Interestingly, it’s not disclosed who made those donations to pay the lease. And when an employee of Guo’s family investment office was asked about the identity of who was making those donations in a 2019 court deposition they pleaded ignorance. So this story about the ‘Himilayan Embassy’ is raising all sorts of questions about the possibility of a still-undisclosed mystery financier for Guo Wengui and Steve Bannon’s China destabilization efforts:
“It’s unclear why, or under what terms, Eurnekian has allowed Bannon and Guo to use his abode. Born to Armenian parents in Buenos Aires in 1932, Eurnekian built his 1.8 billion fortune as something of an entrepreneurial nomad. According to the Spanish paper El Pais, after his family textile business collapsed in the early 1980s, he moved into media, acquiring a cable station he claims to have sold for a tidy $750 million in 1995.”
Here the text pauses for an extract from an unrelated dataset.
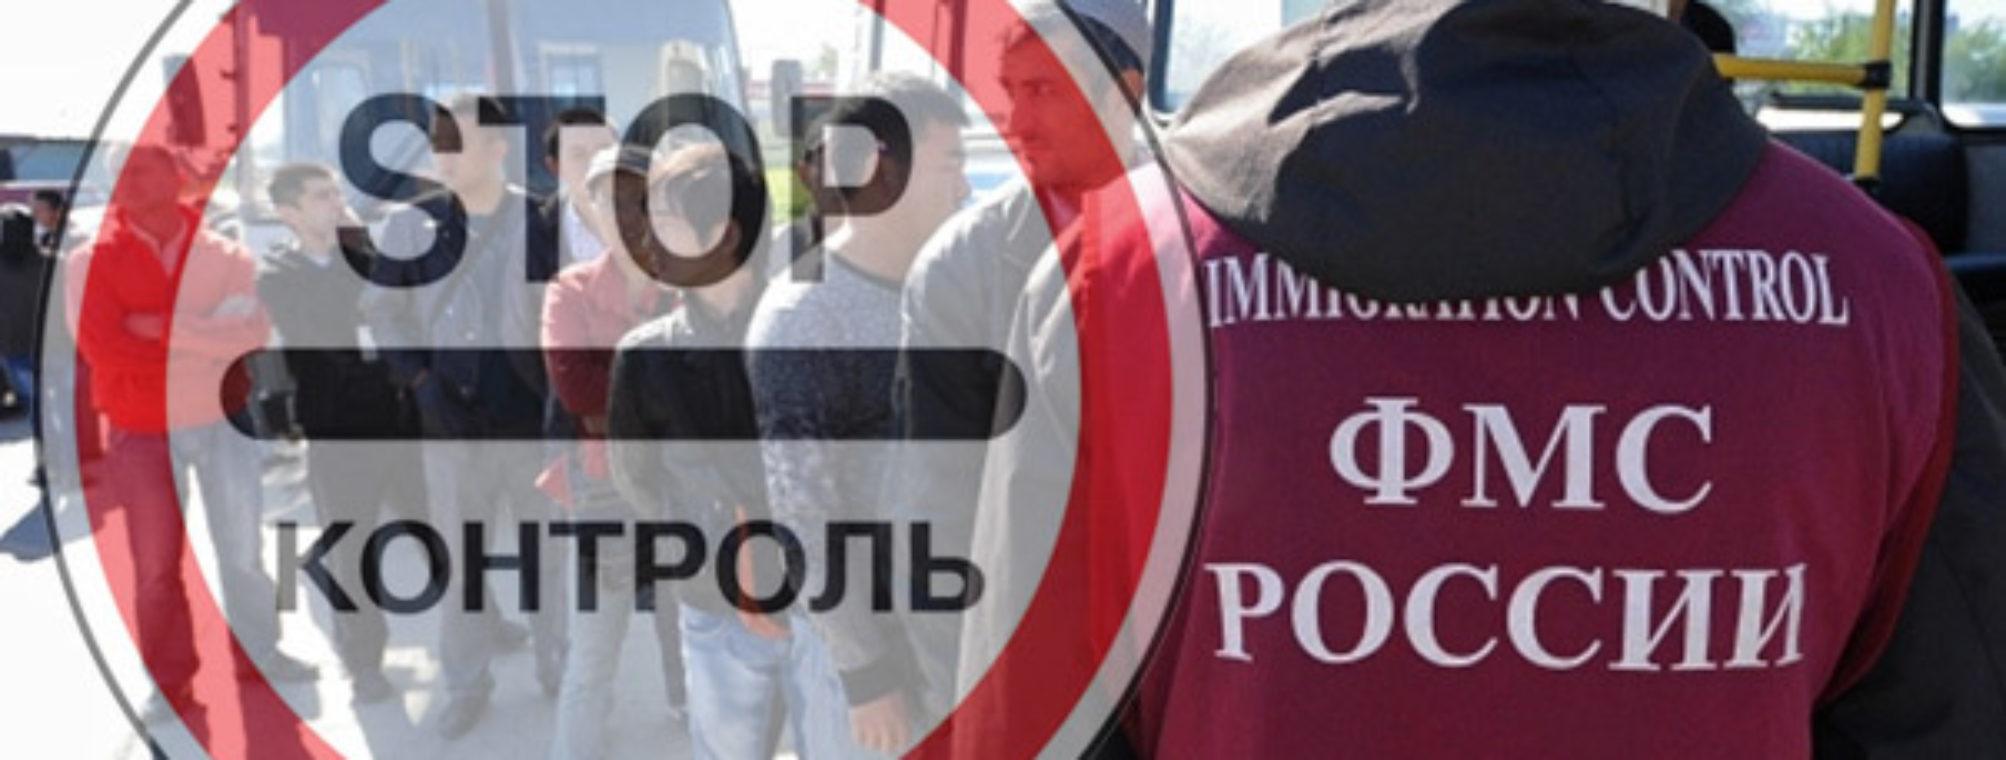 Горячая линия по программе переселения соотечественников омск

It’s a mystery. Why would an Argentinian billionaire of Armenian descent decide to lease his new Manhattan mansion to Guo and Bannon? He’s known to be public hiostile to the Chinese government, but he’s also demonstrably more than happy to work with Chinese state-owned firms and somehow managed to purchase the Argentinian assets of China’s state-run oil exporter, Sinopec, for a fraction of what Sinopec paid for them. Eurnekian may have a hostile relationship with China, but it’s a complicated hostile relationship:
And note the mystery about who is actually paying the lease. According to IRS disclosures, the Rule of Law Society IV and its sister group the Rule of Law Foundation III reported receiving a combined $320,000 in donated rent in 2019 for their space on the third floor of the Eurnekian property. And yet an employee of Guo’s family investment office, also located on the premises, pleaded ignorance in a 2019 court deposition when asked who paid the company’s rent. So for some reason they felt compelled to hide the source of the funding from the courts. Why? It’s largely assumed that it’s Guo Wengui financing these efforts. Are other actors financing Guo Wengui’s efforts? It’s one of the questions raised by this story:
Finally, we have to ask what exactly are they hiding? Like physically hiding? They apparently wouldn’t even let an inspector from the New York City Department of Buildings about the property the agency into the building. Is this simply because the ’embassy’ is a blatant violation of the city’s zoning codes? Or something else?
What kind of dark secrets should we expect to find in a rogue fascist fake embassy run by Steve Bannon? It’s a question that apparently remains unanswered by New York City officials. For several years now. It must be a diplomatic immunity thing. The kind of diplomatic immunity long enjoyed by America’s elite fascists.